Pendant l’été 2014, plusieurs crises humanitaires ont éclaté
dans le monde, l’immense majorité des personnes déplacées et des
réfugiés étant des femmes et des enfants. Ils représentent le groupe
le plus vulnérable parmi les réfugiés, car ils risquent d’être victimes
de violences sexuelles, notamment de viol, et sont exposés à des traumatismes,
à la malnutrition et aux maladies. Les femmes, notamment les femmes
enceintes, n’ont pas accès à des services de santé génésique, ce
qui constitue une catastrophe sanitaire majeure.

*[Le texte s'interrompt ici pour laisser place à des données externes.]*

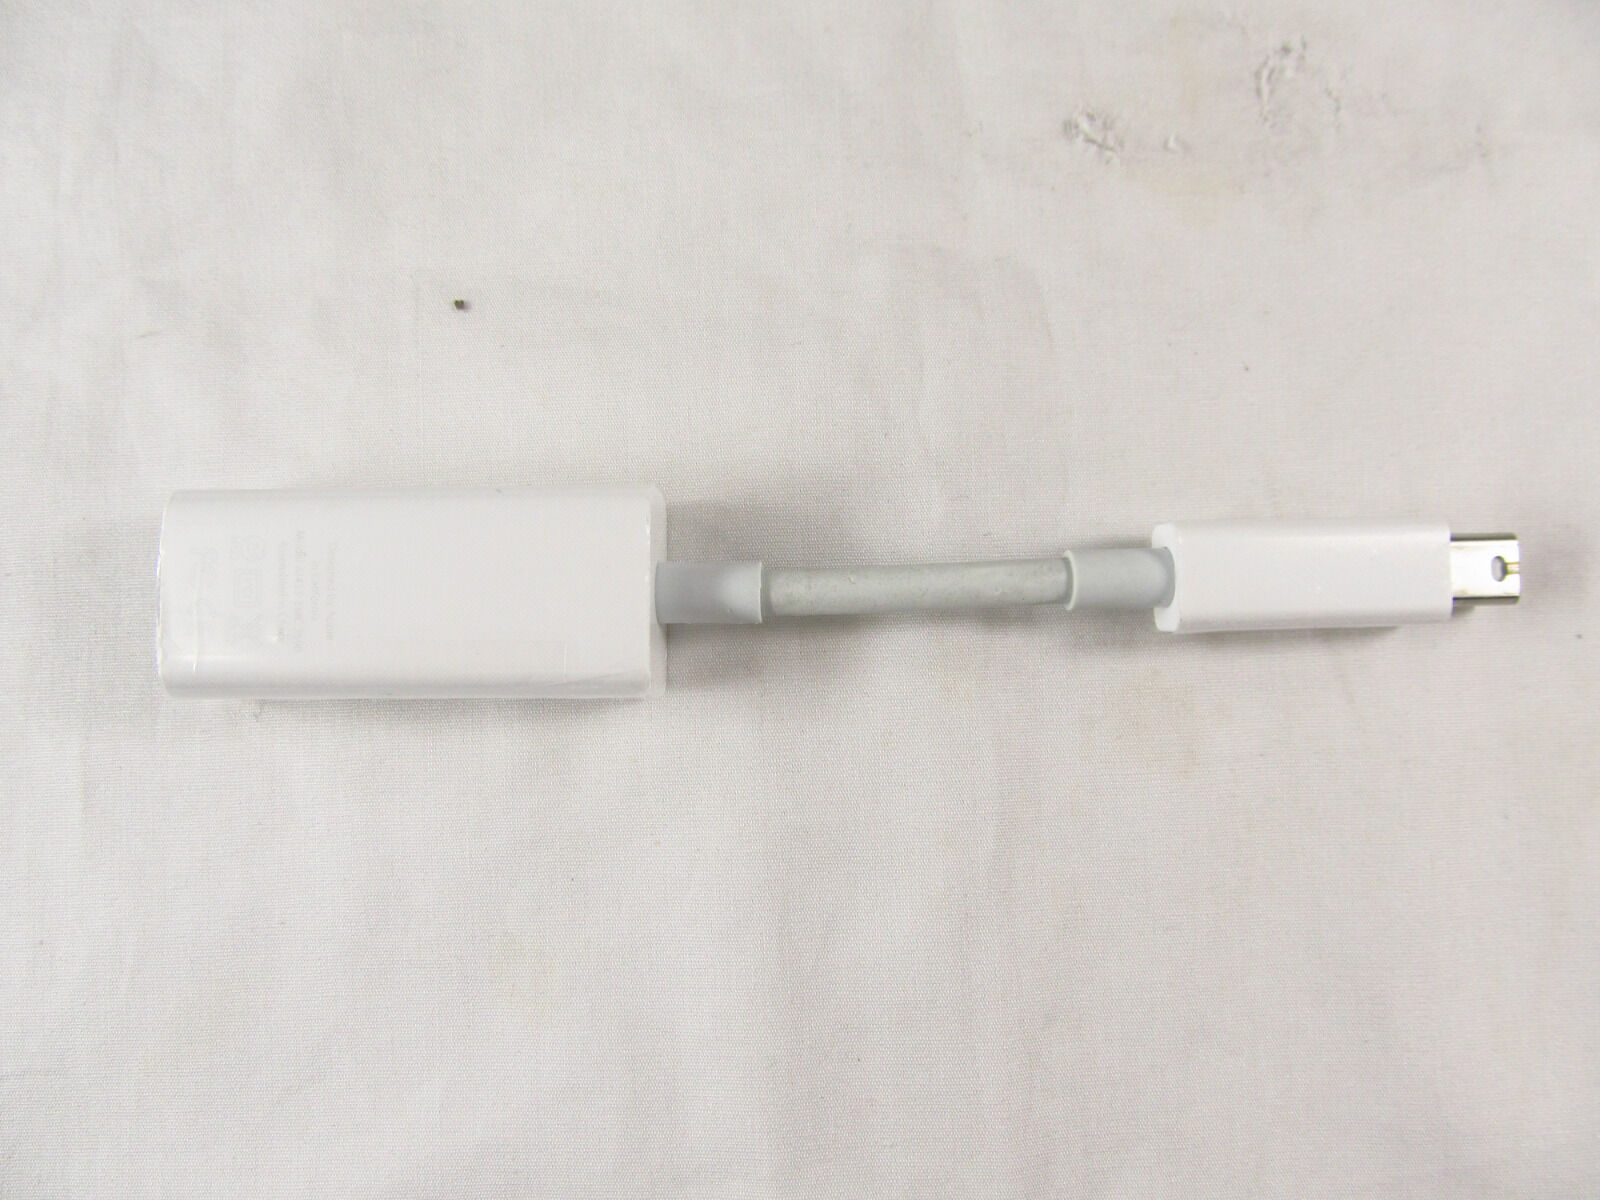 rj45 to thunderbolt 2003 dodge grand caravan wiring diagram original genuine apple a1433 gigabit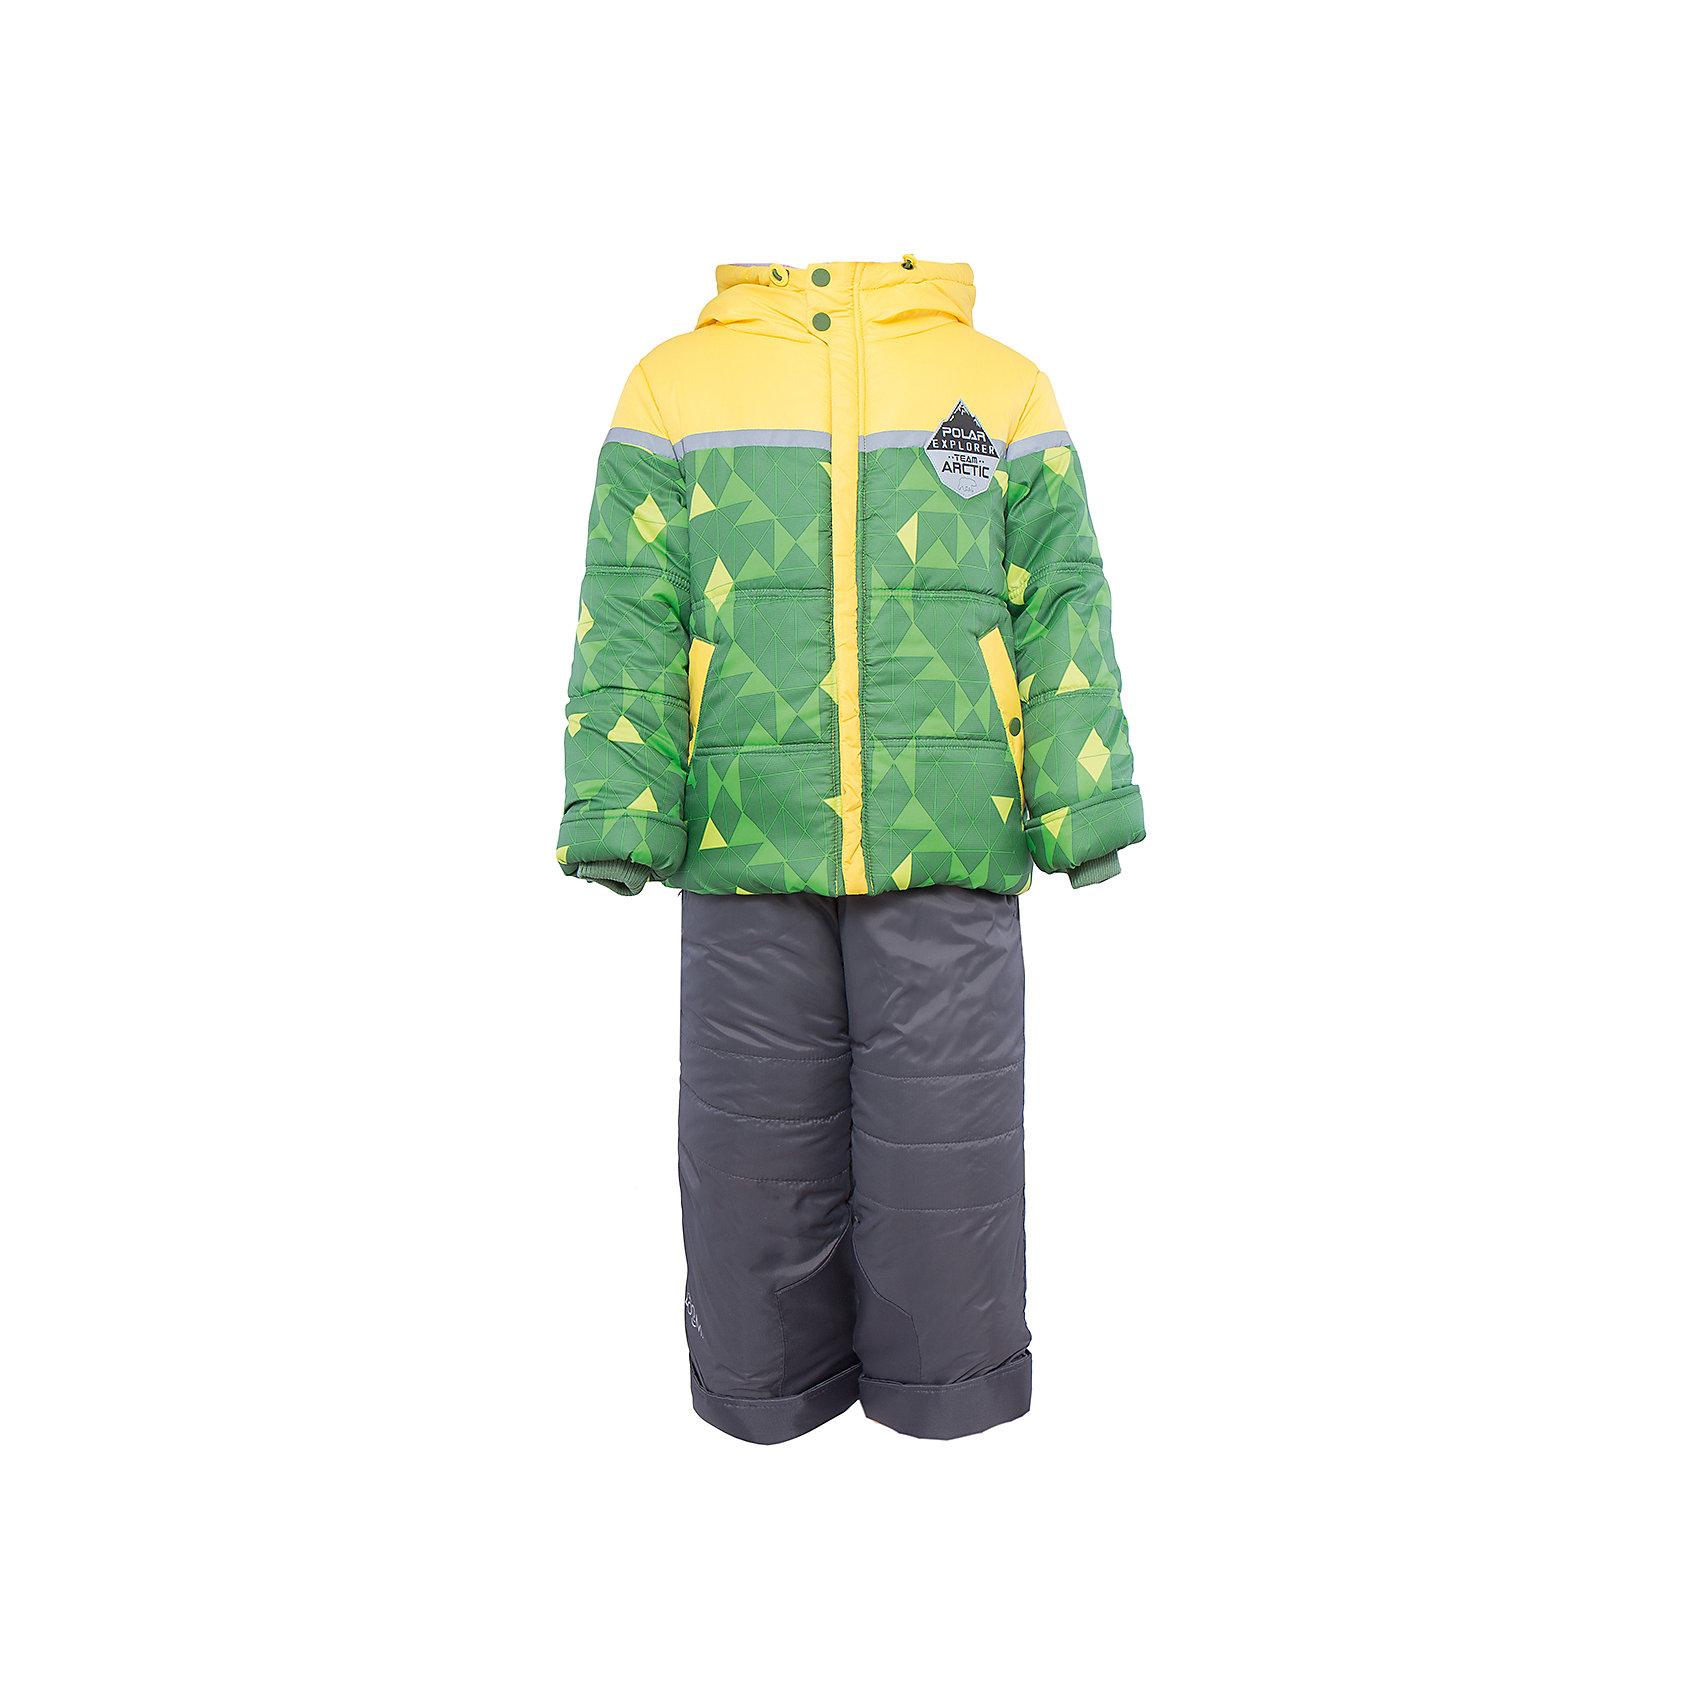 BOOM by Orby Комплект: курта и брюки для мальчика BOOM by Orby boom by orby комплект курта и брюки для девочки boom by orby

En septembre, à Gaza, il y avait 46 000 femmes enceintes,
dont 10 000 femmes déplacées ; 200 000 femmes enceintes en Syrie
et 60 000 dans le nord de l’Irak nécessitaient des soins urgents ;
en Ukraine, une forte proportion des personnes déplacées sont des
femmes, dont un grand nombre sont enceintes. Au Libéria, trois cas
de mortalité sur quatre dus au virus Ebola concernent des femmes
et en Sierra Leone, elles sont 3 sur 5. Les infirmières représentent
la majorité du personnel soignant infecté qui décède à cause de
ce virus.
Nous appelons tous les Etats membres du Conseil de l'Europe
à réagir face aux conséquences disproportionnées de la crise humanitaire
sur les femmes et les enfants et exhortons les Etats à accorder
la priorité au financement des besoins des femmes et des enfants,
plus particulièrement en matière de santé.
Nous encourageons la communauté internationale à envisager
les conséquences à long terme de la reconstruction des infrastructures
de santé et la nécessité d’un soutien psychologique pour les personnes touchées.